Politics for profit? No thanks
Say what you will about the mainstream media and old-school journalism, but sometimes the power and prestige of a dinosaur like “60 Minutes” is just what it takes to get people’s attention.
A case in point is the recent story on congressional insider trading that aired on Nov. 13 on the venerable CBS news magazine show.
Maybe we should have all known already that Congress had exempted itself from regulation of insider trading. After all, most of us have long wondered at how senators and representatives seemed to always finish up their term of office richer than when they arrived.
But a vestigial sense of trust in our nation’s leaders had perhaps made us look the other way until finally “60 Minutes” and author Peter Schweizer took us by the hand and showed us just how naive we had all been.
Schweizer’s book “Throw Them All Out” inspired the “60 Minutes” report and spotlighted a number of members of Congress who had supposedly benefited by using information they gained on the job to trade in stocks. Prominently skewered were former House Speaker Nancy Pelosi, a Democrat, and current Speaker John Boehner, a Republican.
Not mentioned in the “60 Minutes” story, but included in the Schweizer book was Sen. Max Baucus, D-Mont., who reportedly had traded in health-care stocks while heading up the effort to put together a health-reform package for President Obama.

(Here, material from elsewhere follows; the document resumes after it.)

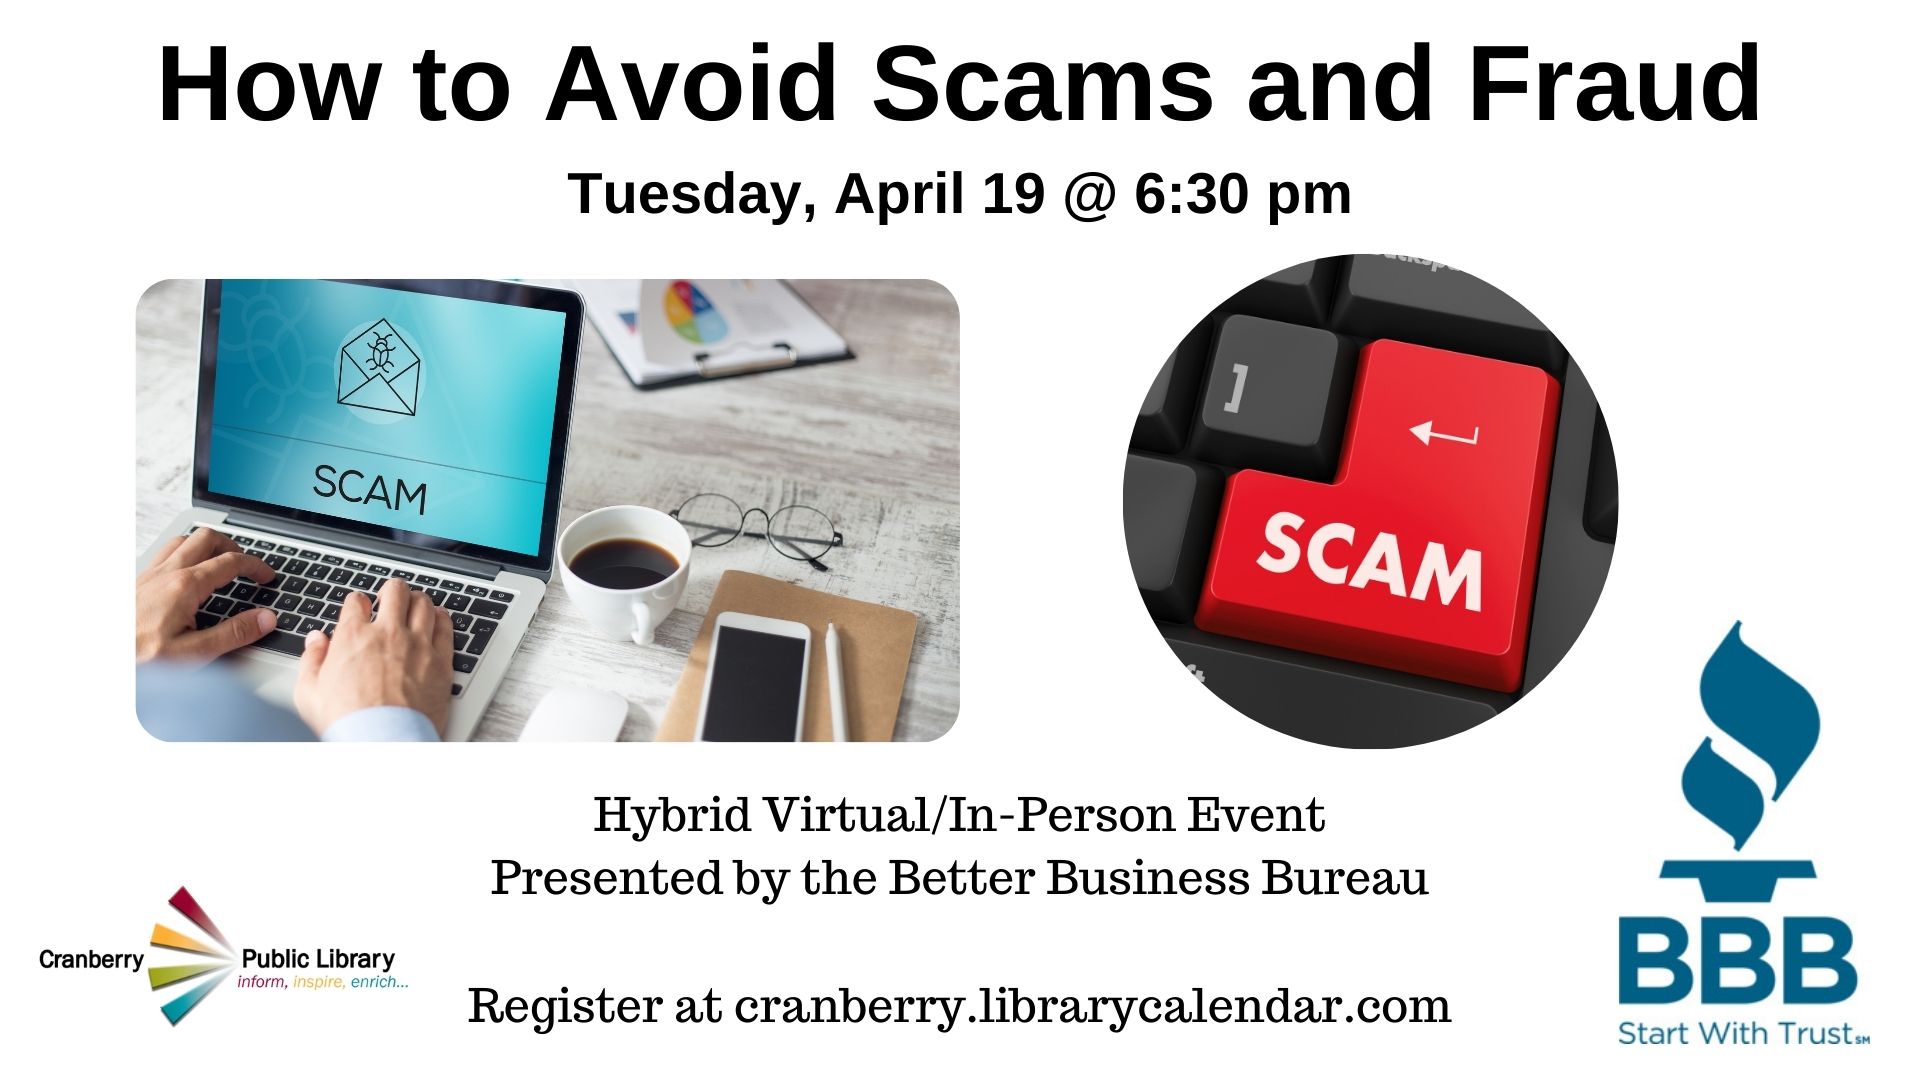 Flyer for How to Avoid Scams and Fraud program

The senator’s office has assured the Inter Lake that Schweizer’s allegations are misleading at best. A spokesperson for Baucus said that the senator’s investments have all been in a blind trust since 2002, and that he did not do any trading at all during the time the health-care legislation was being formulated.
That’s reassuring, but what the public needs now is a formal change in the law to establish once and for all that congressional members and their staffs must not be permitted to make money in the stock market based on information only available to Congress.
Sen. Jon Tester, D-Mont., and Rep. Denny Rehberg, R-Mont., who will be squaring off in a 2012 Senate campaign have both signed on to co-sponsor legislation that would ensure just that. Sen. Baucus has stated that he supports the concept in principle and will almost certainly support one of the bills as well.
“Everyone needs to play by the rules — especially Members of Congress — and I support any legislation to make that happen,” Baucus told the Inter Lake.
We think almost every voter in Montana will be happy to hear that all of our congressional representatives agree that no one should go to Congress to get rich.
But it will be up to all of us to make sure that this important legislation does not get swept under a rug. This is one issue that has broad support across party lines, and could be the beginning of re-establishing trust in our government.